JH: Well, what I’ve announced in terms of my tax cuts and spending plans sit within Philip Hammond’s fiscal – they sit within the headroom that we have. I’ve been very clear that things that I think we need to do to walk tall in the world, like support our royal navy, invest in our defence, they would take longer to do in a no deal situation.

AN: So they couldn’t be done at the moment within the fiscal rules.

JH: Not if we had a no deal situation.

AN: (talking over) So taking people out of national insurance can’t be done within the existing rules.

JH: Not if we had a no deal Brexit. It would take longer to do, correct.

AN: A lot more money for social care couldn’t be done within the fiscal rules.

JH: It would take longer to deliver those promises in a no deal situation, correct.

AN: Let me turn to health. You were the longest-serving Health Secretary. You said, “I walked around hospitals in the NHS where I’ve known they need more money, and I hadn’t been able to give it to them.” Why did you tolerate this underfunding for so long?

JH: I didn’t. I spent my time as Health Secretary – look, let me be clear about the NHS. I’ve three kids that were born on the NHS; my father was looked after till the end by brilliant NHS care. But we have a big problem of capacity with the aging population, so after I’d been in the job for two years I secured an extra eight billion a year ahead of the 2015 general election. I then went on to secure an extra 20 billion pounds a year, a huge increase –

AN: But the rate of increase is still lower than the post-war average under you.

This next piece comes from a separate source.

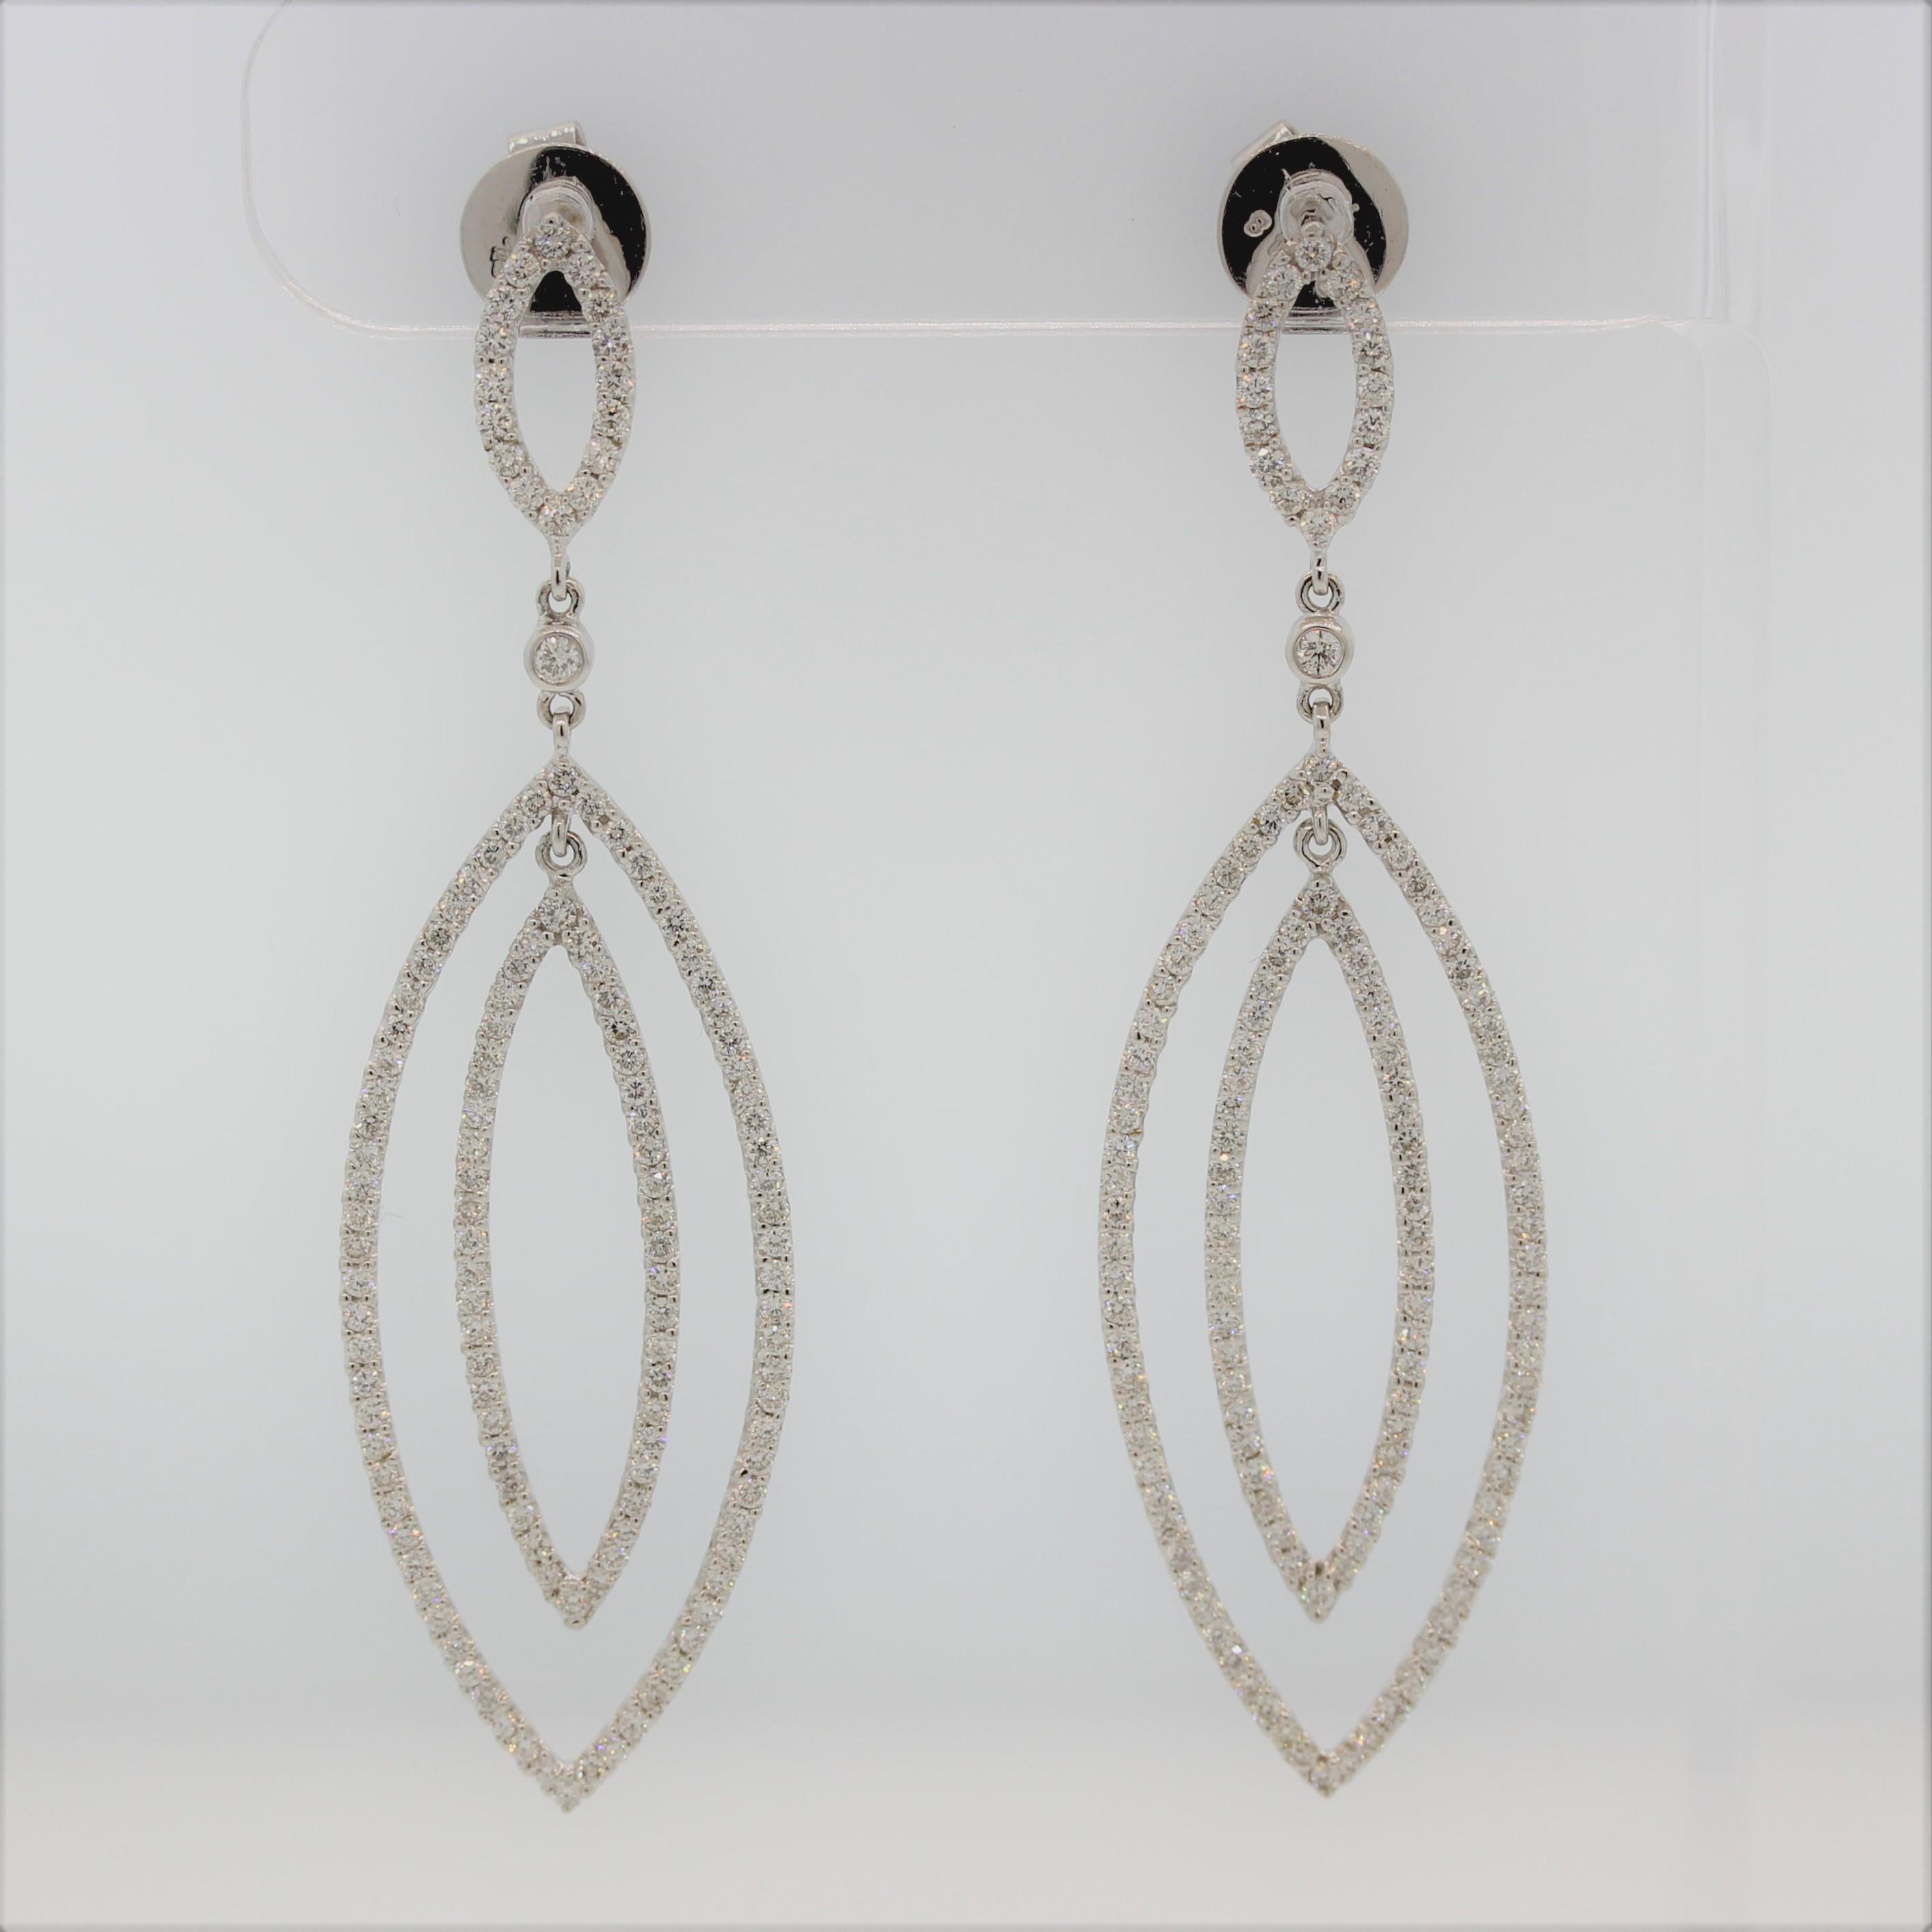 A wonderful pair of drop earrings! They feature 2.48 carats of round brilliant cut diamonds set in 3 marquise shaped gold fixtures, with 2 of them being drops. Made in 18k white gold, these long drop earrings will take any outfit to the next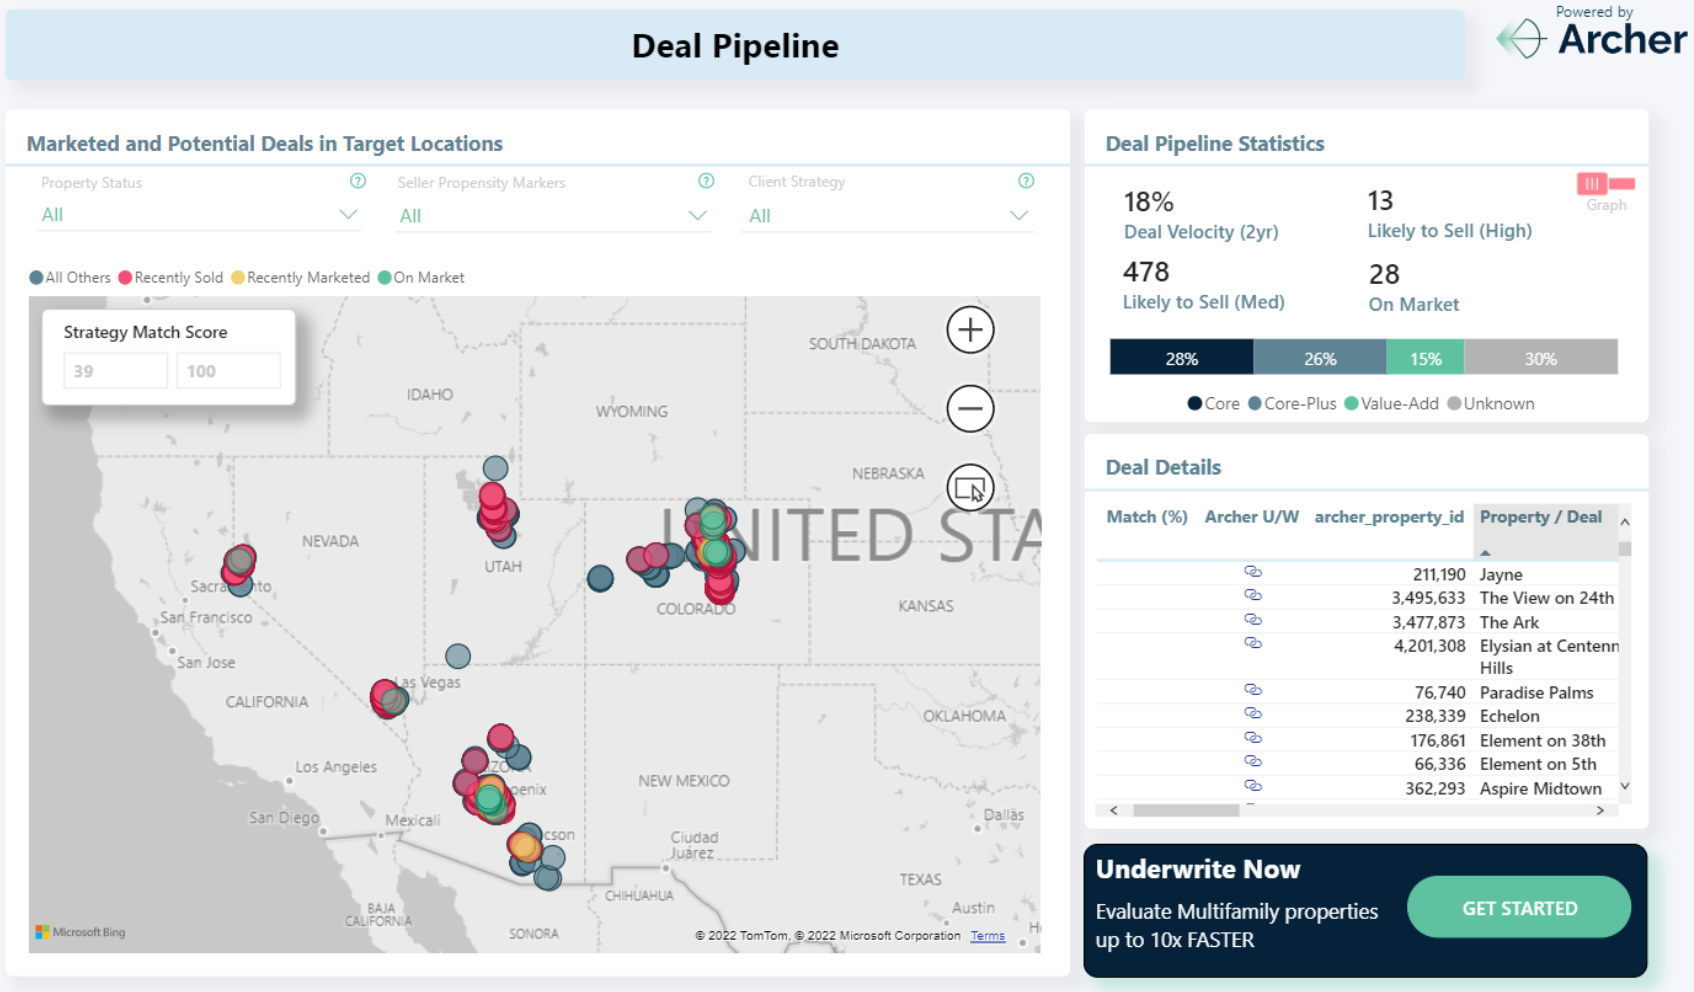 Showcase your deal pipeline

JH: The increase that I secured was the biggest single –

AN: It’s the lowest average annual increase. Lower than any other government in modern times.

JH: Andrew, you’re playing with statistics. It is true –

AN: Because they’re accurate.

JH: No, they’re not actually, because my increase was the biggest ever. But yes, you’re right, we had a period of austerity from 2010, where we had that financial crisis and we weren’t able to increase it by as much as we wanted to. But then I managed to get that increase and that was because of those difficult decisions that we’d taken.